In some examples, when the plurality of candidate targets are
displayed, the user input may include selection of one of the
displayed candidate targets.
[0026] At 210, method 200 optionally includes analyzing the image
information to identify the selected target. The image analysis may
include performing facial recognition on the selected target in
order to determine an identity of the selected target.
[0027] At 212, the field of view of the camera is adjusted to
follow the selected target. Adjusting the field of view of the
camera may include adjusting a lens of the camera to maintain focus
on the selected target as the selected target moves about the
imaged environment. For example, the camera may include one or more
motors that are configured to change an aiming vector of the lens
(e.g., pan, tilt, roll, x-translation, y-translation,
z-translation). As another example, the camera may include an
optical or digital zoom. In other examples, particularly when the
camera is a stationary camera, adjusting the field of view of the
camera may include digitally cropping an image or images captured
by the camera to maintain focus on the selected target. By
adjusting the field of view of the camera based on the selected
target, the selected target may be set as the focal point of
displayed image. The selected target may be maintained at a desired
level of zoom that allows other users viewing the display device to
visualize the selected target at sufficient detail while omitting
non-desired features from the imaged environment.
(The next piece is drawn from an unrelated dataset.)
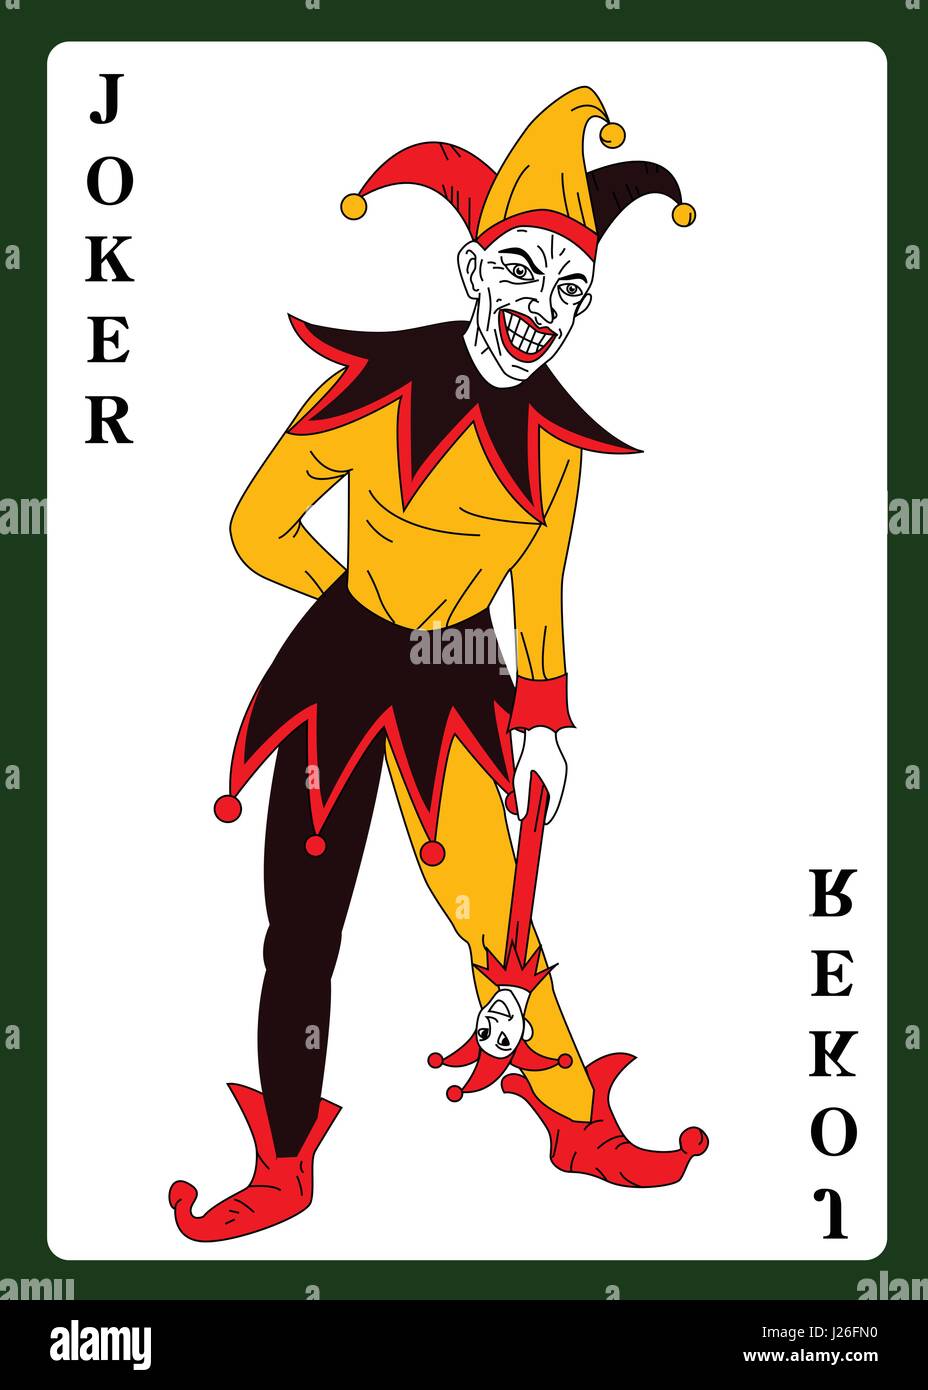 Joker en costume coloré jeu de carte Image Vectorielle Stock - Alamy

[0028] In some examples, a user may select more than one target, or
multiple users may each select a different target to follow. In
such cases, all selected targets may be maintained in the field of
view of the camera when possible. When only one target is selected,
the computing device may opt to adjust the field of view of the
camera to remove other targets present in the imagable environment,
even if those other targets have been recognized by the computing
device, to maintain clear focus on the selected target. However, in
some examples, other targets in the imagable environment may be
included in the field of view of the camera when the camera is
focused on the selected target.
[0029] Adjusting the field of view to follow the selected target is
illustrated at times T2, T3, and T4 of FIG. 3. For example, as
shown at time T2, a user has selected the toddler to follow. During
event 308, which may represent the entire possible field of view
imagable by the camera, the toddler is standing to the right of the
couch in the imaged environment. Because the toddler has been
selected as the target to follow, the camera may be zoomed or
otherwise adjusted to create a following field of view (FOV) 309
(illustrated as a dashed box overlaid on event 308), resulting in
displayed image 310, so that the toddler is the focus of the
displayed image 310.
[0030] At time T3, the toddler has moved to the left and is now
standing in front of the mother, shown by event 312. The following
FOV 309 of the camera is adjusted to follow the toddler, shown by
displayed image 314. At time T4, the toddler moves back to the
right, shown by event 316, and the following FOV 309 of the camera
is adjusted to continue to follow the toddler, as shown by
displayed image 318.
[0031] Returning to FIG. 2, at 214, method 200 determines if the
selected target is still recognized in the field of view of the
camera. Based on the physical configuration of the camera and
imaged environment, the environment the camera is capable of
imaging is limited, even after adjusting the field of view of the
camera. Thus, in some examples the selected target may exit the
field of view adjustment range of the camera and is no longer able
to be followed by the camera. Alternatively or additionally, the
selected target may turn away from the camera or otherwise become
unrecognizable to the computing device. If the selected target is
still recognized in the field of view of the camera, the method
loops back to 212 to continue to follow the selected target.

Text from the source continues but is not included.